The logic of carbon accounting and biomass’s net zero classification is also a sticking point for Harter. And she isn’t alone. This year, more than 500 scientists signed an open letter to world leaders calling on them to “stop treating the burning of biomass as carbon neutral”. Others have attempted to go through the court system to revoke the status, as was done in the European Court of Justice in 2019, and last year in South Korea.

In a perfect world, burning and regrowing trees is a closed carbon loop – but our world is far from perfect and scientists are increasingly arguing biomass industries are destroying trees, our only proven carbon sequestering technology, only to dump carbon dioxide into the atmosphere amid an already out of control climate crisis.

Step in the right direction

Verdant and Sweetman refute this argument. They say biomass, while not perfect, is a step in the right direction and will help rid our country of its dependence on coal but providing a base load alternative.

“This is absolutely the plan: to see us have 100% green grid. No one has come up with one yet so this a pretty solid proposal to move forward. So it’s just about getting your head around ‘is this good or is this bad?’ well, the truth is, it’s a lot lot better than where we are now,”  Verdant’s Poole said.

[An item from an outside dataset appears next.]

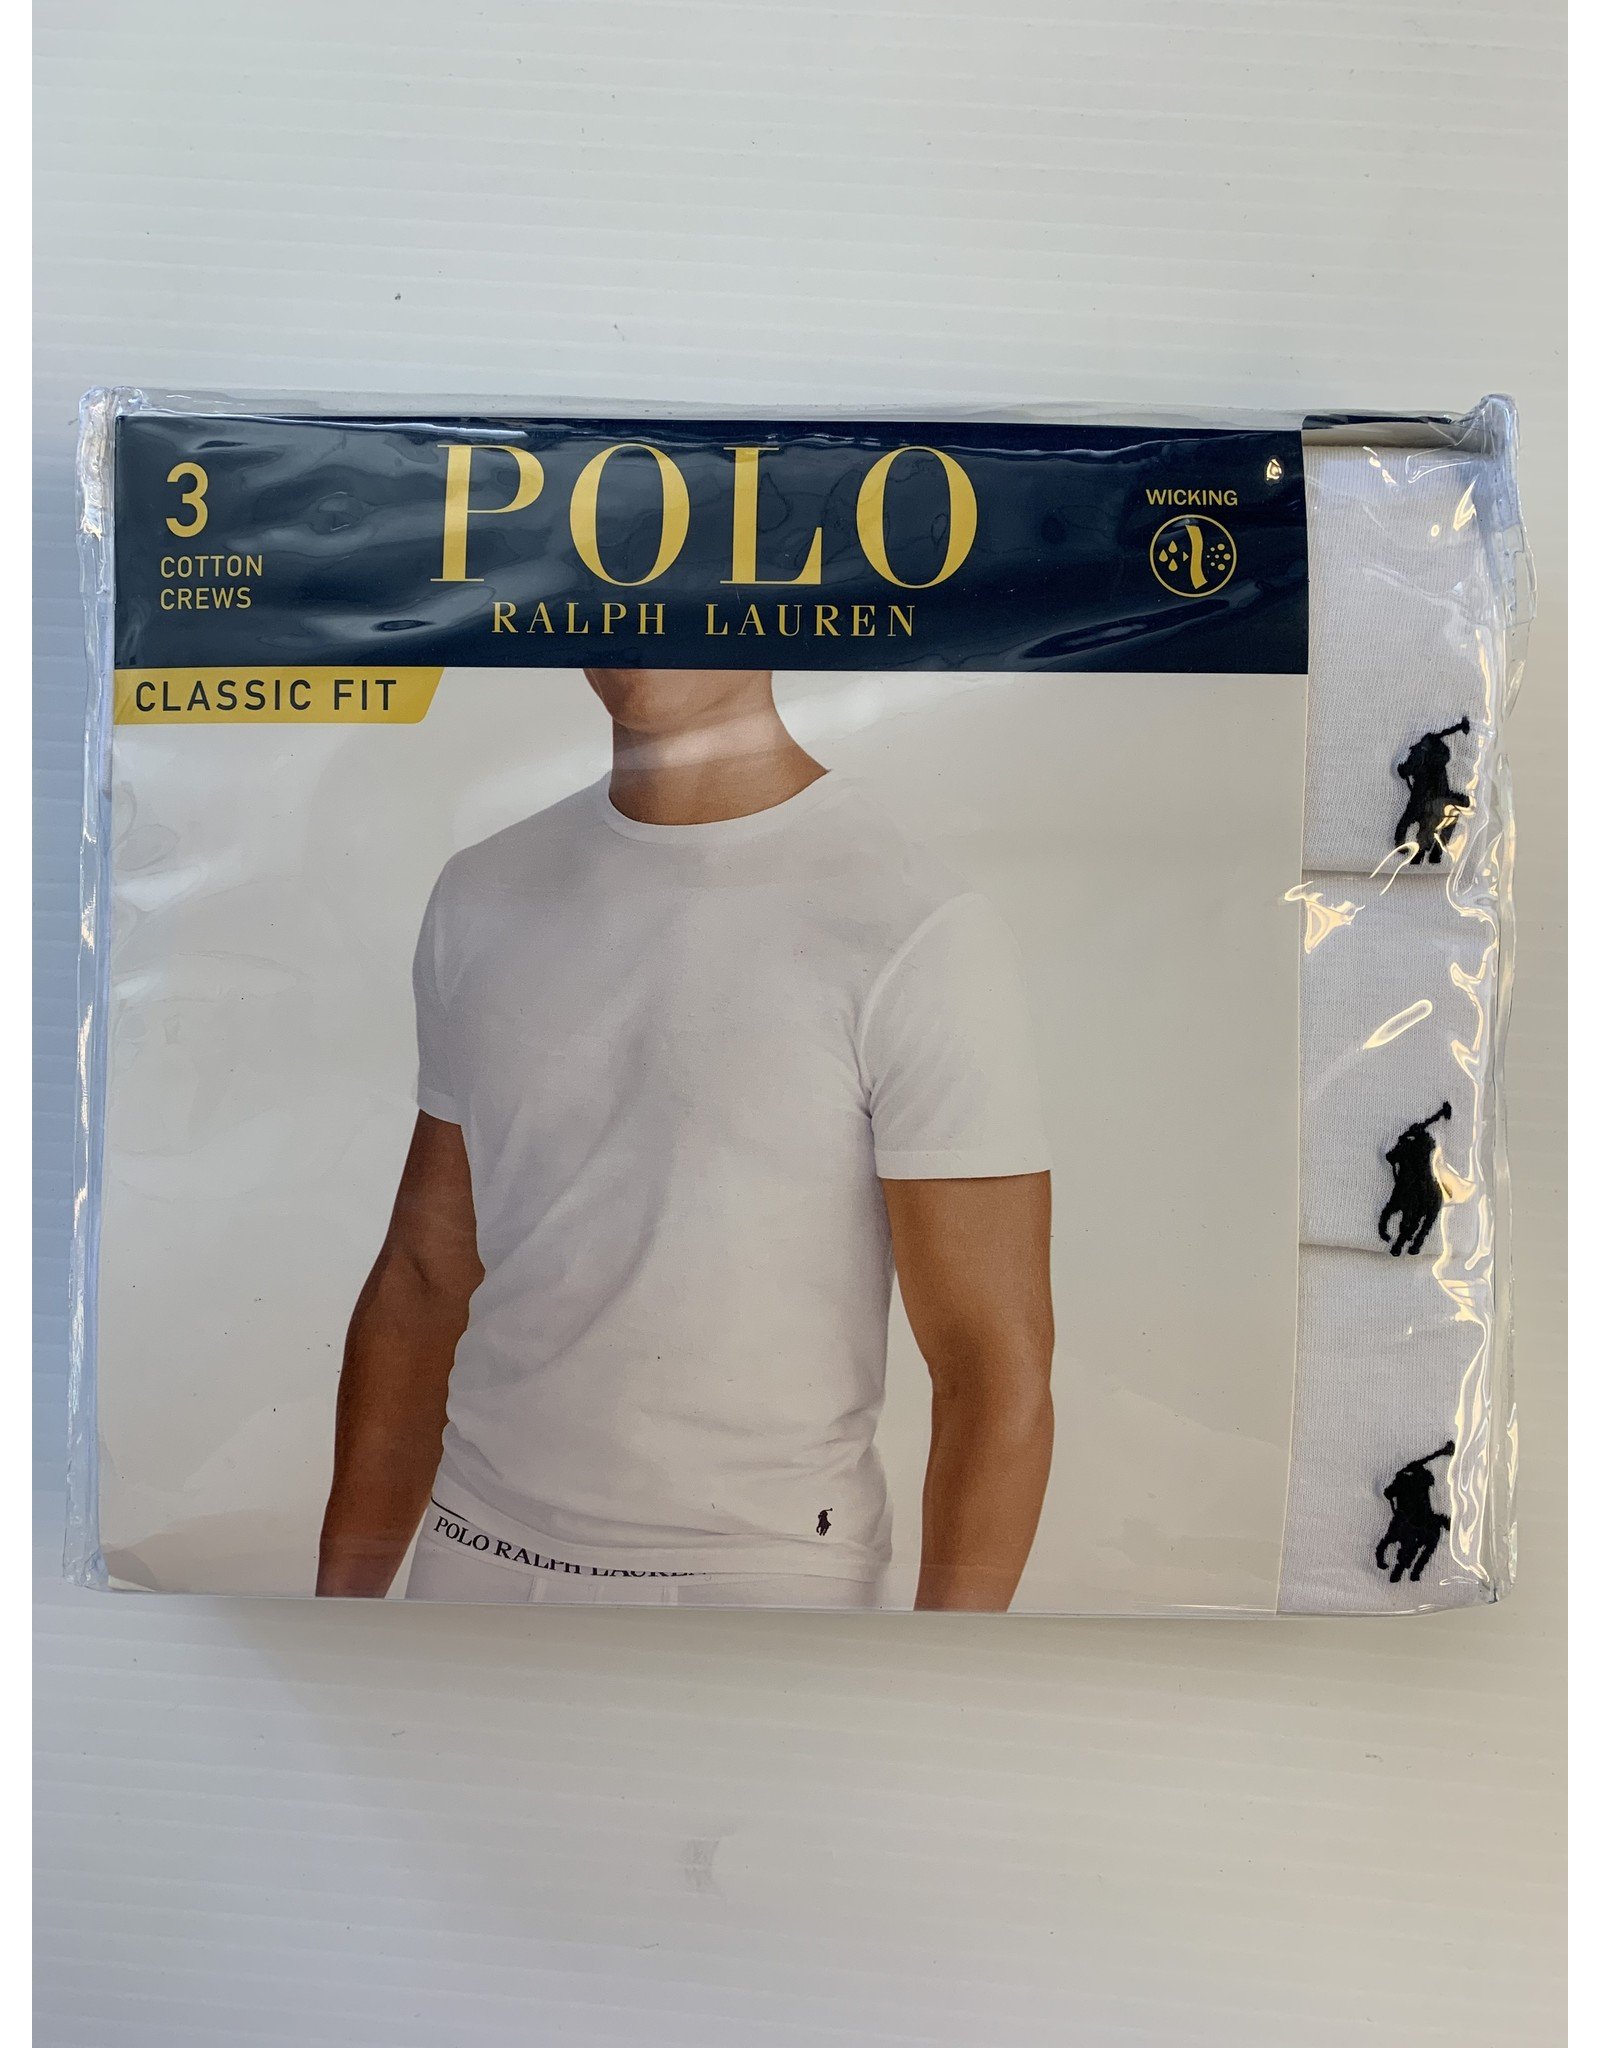 Polo Ralph Lauren Polo Ralph Lauren Men's Classic Crew Neck T-Shirts 3-Pack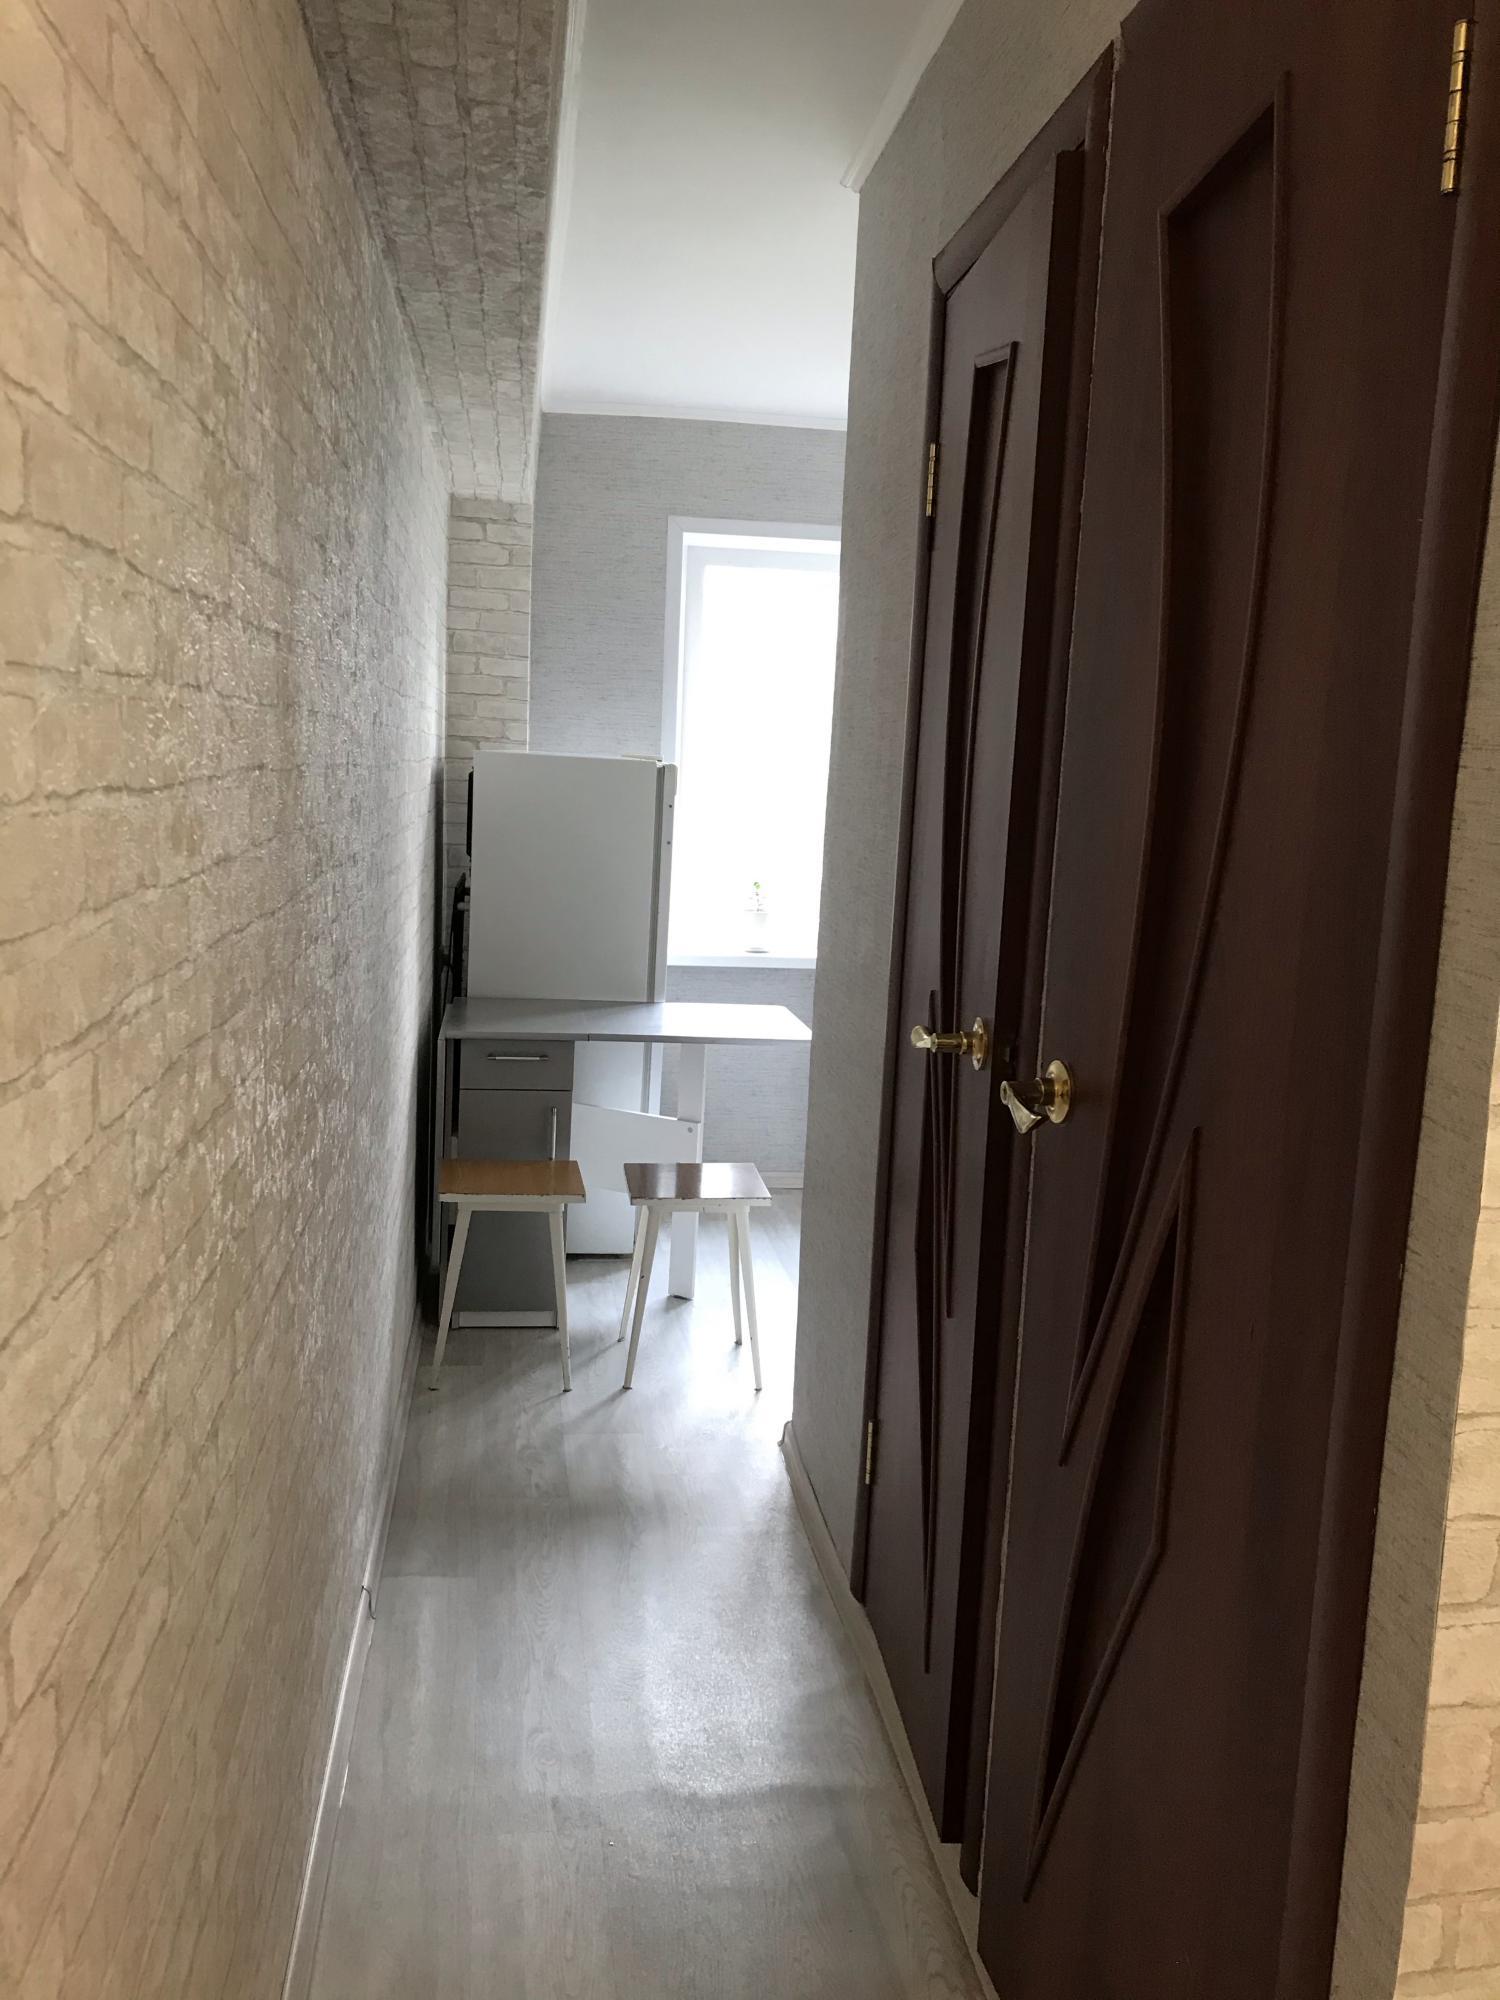 2к квартира улица Академика Павлова, 62, Россия | 15000 | аренда в Красноярске фото 4

“That doesn’t mean that in 10 or 15 years there’s not going to be technological advancements but for now it’s a bloody good solution.”

Harter remains unconvinced. For her, the fact that Australia ended up including biomass in its category of renewable energy sources is lamentable and the root of ongoing problems.

By including biomass, it opens up its industries to access renewable funding, taking resources from more genuinely clean industries, she says. “You hate to see that money diverted into a very inefficient, relatively destructive type of energy and taking away support from genuinely cleaner, safer options.”